La crisis migratoria que desbordó Ceuta a finales de julio ha dado paso, apenas dos semanas después, a una respuesta diferente ante los llamamientos para intentar nuevos cruces este 15 de agosto. El Gobierno ha reforzado la coordinación entre departamentos, ha aumentado su presencia institucional y ha utilizado los canales oficiales para contrarrestar los mensajes que circulaban en redes sociales.

El dispositivo se activó después de que los servicios de información detectaran convocatorias para intentar una nueva entrada colectiva. Paralelamente, Marruecos desplegó miles de efectivos alrededor de Fnideq (Castillejos) y reforzó los controles en las carreteras que conducen hacia la frontera.

La jornada terminó sin una entrada de las dimensiones registradas a finales de julio. Las fuerzas marroquíes comunicaron la detención de cientos de personas que trataban de aproximarse a Ceuta, mientras el paso fronterizo y la costa española permanecían bajo vigilancia reforzada.

Un discurso más contundente

Uno de los cambios más visibles se ha producido en el lenguaje utilizado por el Ejecutivo. El ministro de Asuntos Exteriores, José Manuel Albares, aseguró durante su visita a Ceuta que “hasta la última persona” que hubiera entrado irregularmente en España regresaría a Marruecos, y vinculó esa posibilidad a la “voluntad expresa” de Rabat.

La advertencia pretende dejar claro que acceder de forma irregular a Ceuta no supone automáticamente poder permanecer en España ni continuar hacia otros países europeos.

Ese mensaje, sin embargo, está sujeto a los límites de la legislación. Las solicitudes de protección internacional deben tramitarse conforme a las garantías previstas y los menores extranjeros no acompañados están sometidos a procedimientos específicos en los que debe prevalecer su interés superior. Por tanto, las devoluciones no pueden aplicarse de manera automática a todos los casos, aunque el Gobierno haya elevado durante estos días el tono de sus advertencias públicas.

La batalla contra los bulos llega a las redes

La comunicación institucional también ha cambiado. Después de que durante la crisis de julio circularan mensajes sobre las supuestas posibilidades de permanecer en España tras entrar irregularmente, las instituciones han intervenido esta vez directamente en los mismos canales donde se difundían las nuevas convocatorias.

La Embajada de España en Marruecos ha publicado mensajes recordando que entrar irregularmente en Ceuta o Melilla no concede el derecho a permanecer en España ni a acceder al resto de Europa. La Guardia Civil se ha sumado con comunicaciones destinadas a disuadir de los intentos de cruce, especialmente por mar, y advertir de los riesgos para la vida.
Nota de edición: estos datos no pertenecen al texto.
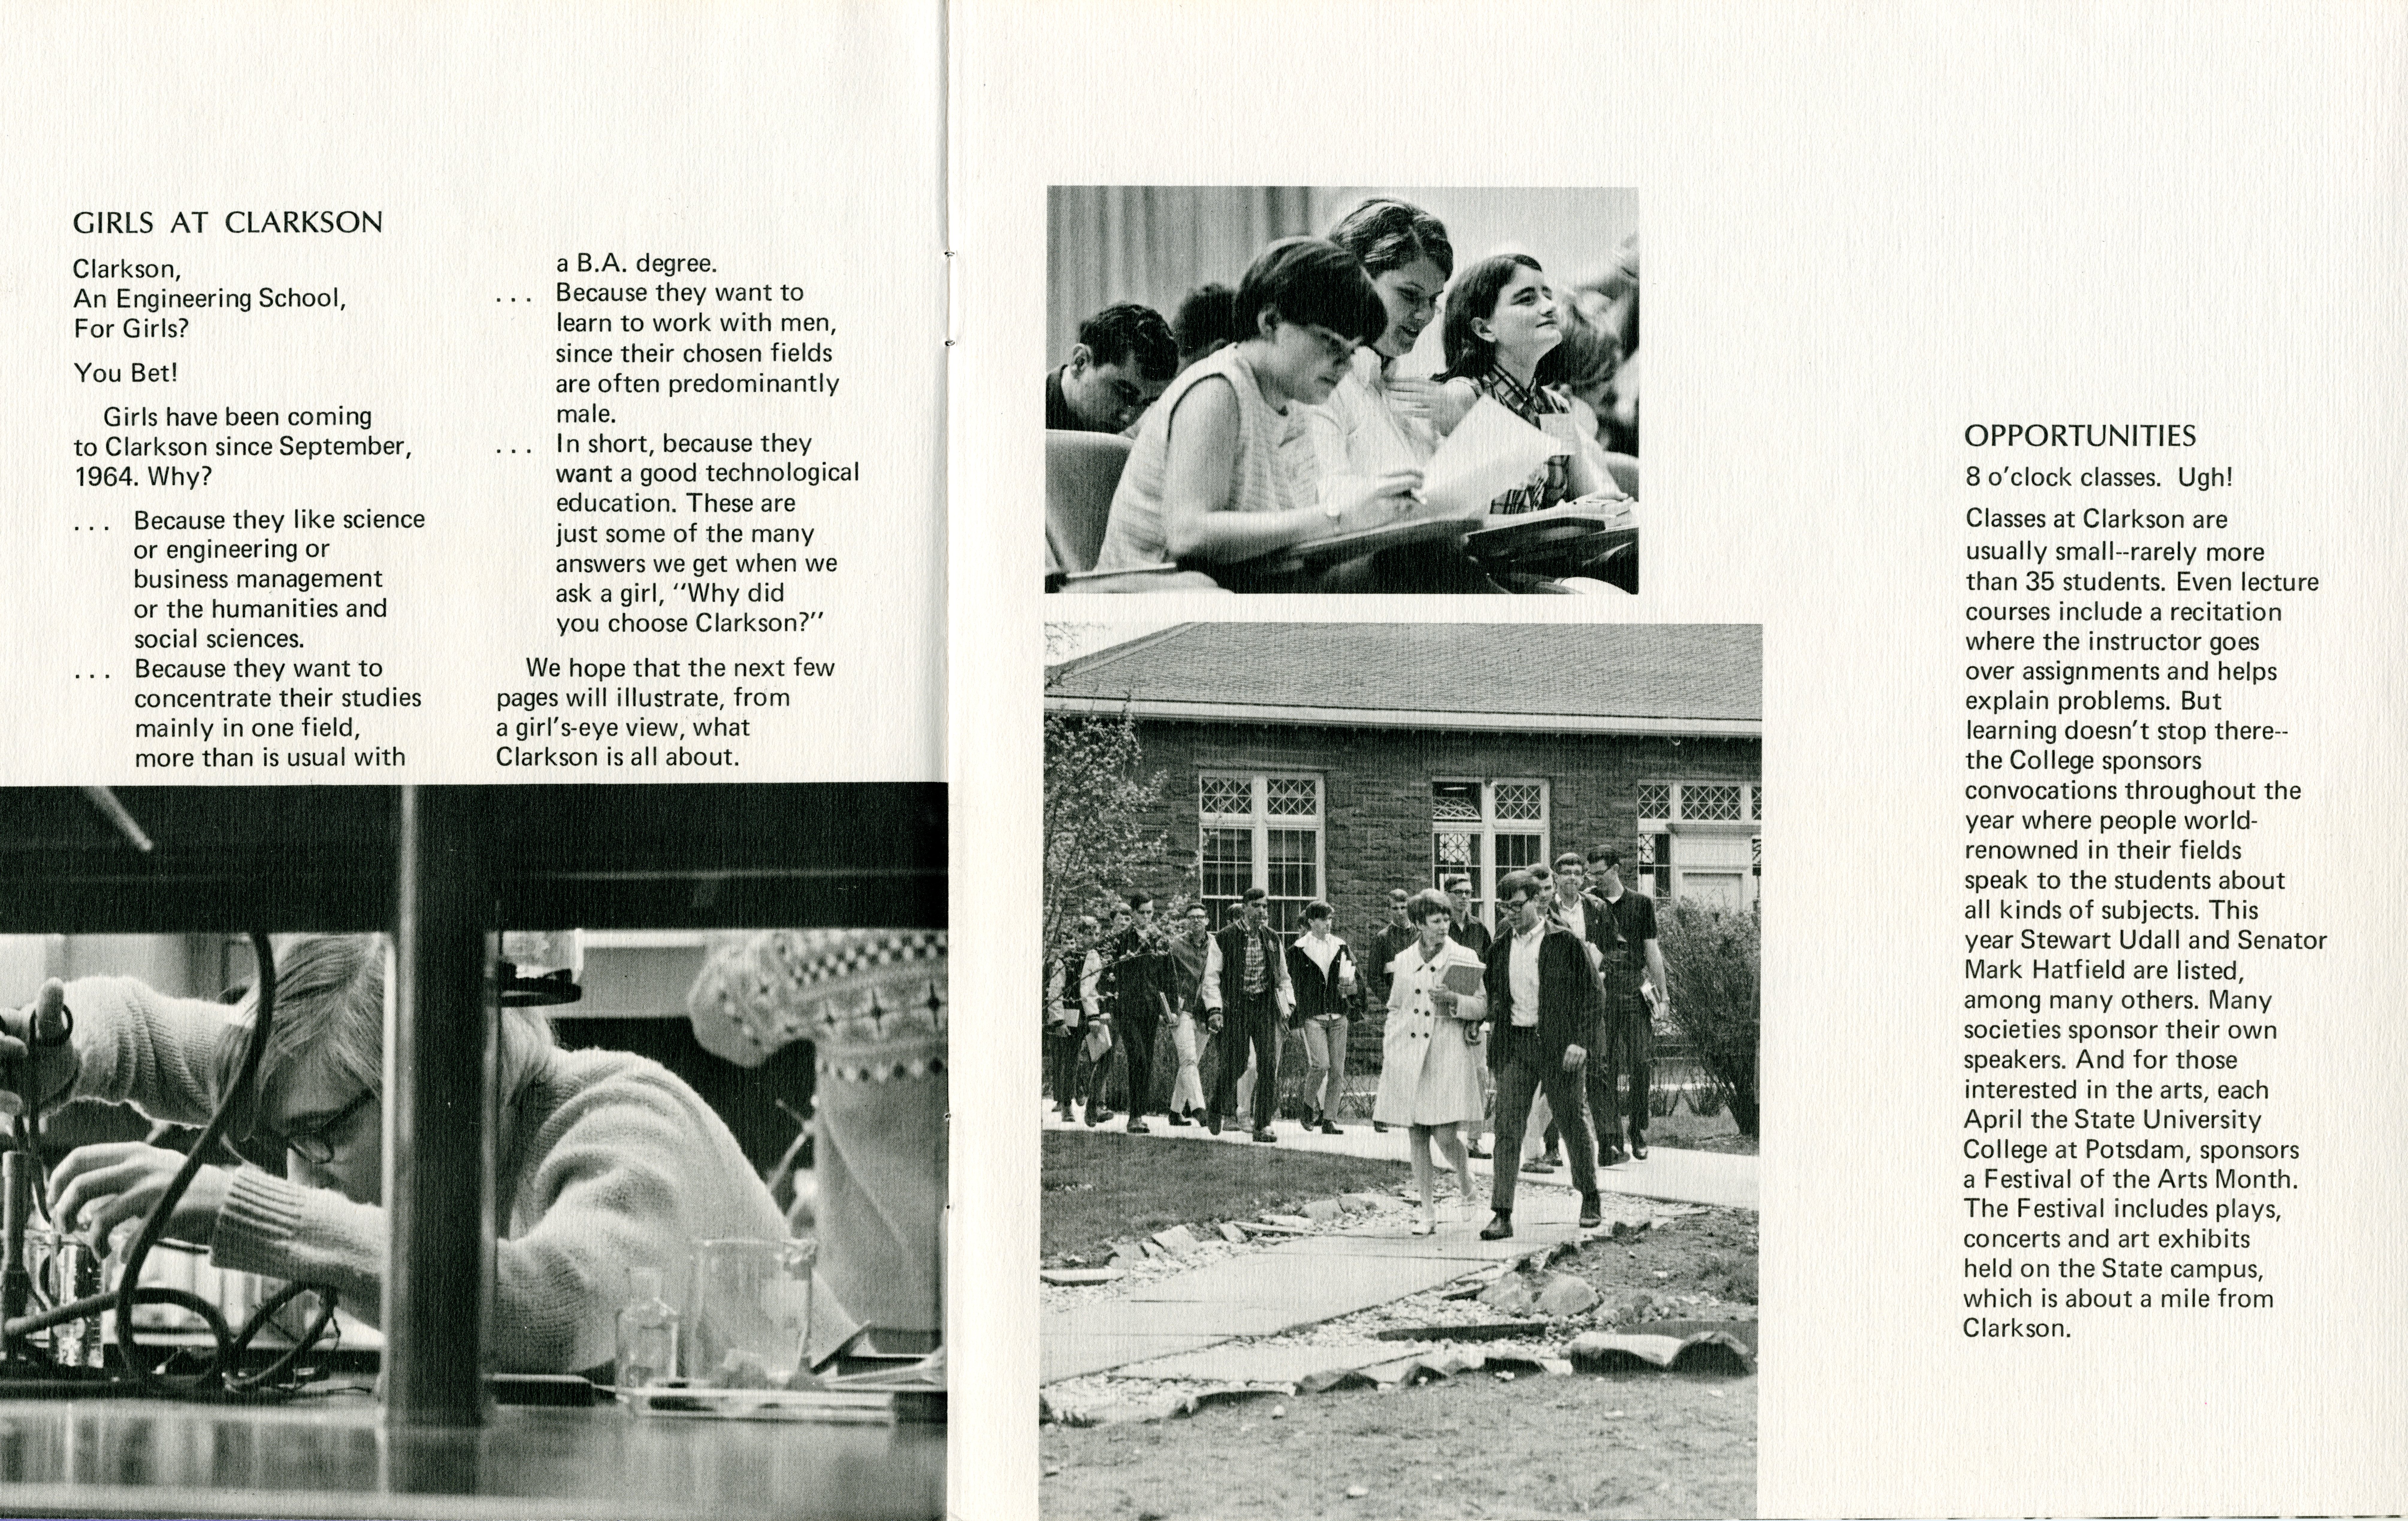 From <i>The Girls at Clarkson</i>, a 1971 promotional pamphlet

La diferencia respecto a finales de julio está en el momento de la intervención: los mensajes oficiales comenzaron a difundirse antes de que la convocatoria del 15-A pudiera traducirse en una llegada masiva a la frontera.

La cooperación con Marruecos, clave

El despliegue español explica sólo una parte de lo sucedido. Las autoridades marroquíes reforzaron durante toda la semana los accesos a Fnideq, la vigilancia en zonas montañosas y el control marítimo. Miles de agentes participaron en un operativo destinado a impedir que grandes grupos alcanzasen el perímetro fronterizo.

La cooperación con Rabat continúa siendo, por tanto, uno de los elementos centrales de la respuesta española. También resulta fundamental para ejecutar los retornos de aquellas personas cuya devolución pueda realizarse conforme a la legislación.

Esa dependencia de la coordinación bilateral ayuda a explicar el tono prudente que el Ejecutivo ha mantenido hacia Marruecos durante la crisis, incluso mientras se sucedían las actuaciones policiales a ambos lados de la frontera.

Los menores, la principal tarea pendiente

La situación más compleja continúa siendo la de los menores extranjeros no acompañados. El Gobierno ha puesto durante estos días el acento en la reagrupación familiar cuando pueda realizarse con garantías. Tanto el Ejecutivo central como el Gobierno ceutí han señalado esa vía como prioritaria antes de plantear otras soluciones.

Cualquier retorno debe estudiarse de manera individual y atender al interés superior del menor. Cuando esa opción no sea posible, continúa vigente el mecanismo de distribución entre comunidades autónomas aprobado para aliviar situaciones de especial presión migratoria.

Este último asunto ha ocupado menos espacio en el discurso público durante la semana, mientras los mensajes institucionales se concentraban en evitar nuevos cruces y en reforzar la idea de que entrar irregularmente en Ceuta no garantiza el traslado a la Península.

Si bien la convocatoria no desembocó en otra entrada masiva, buena parte del trabajo sigue abierto dentro de Ceuta, habida cuenta de que los retornos continúan y la situación de los menores sigue pendiente de resolverse.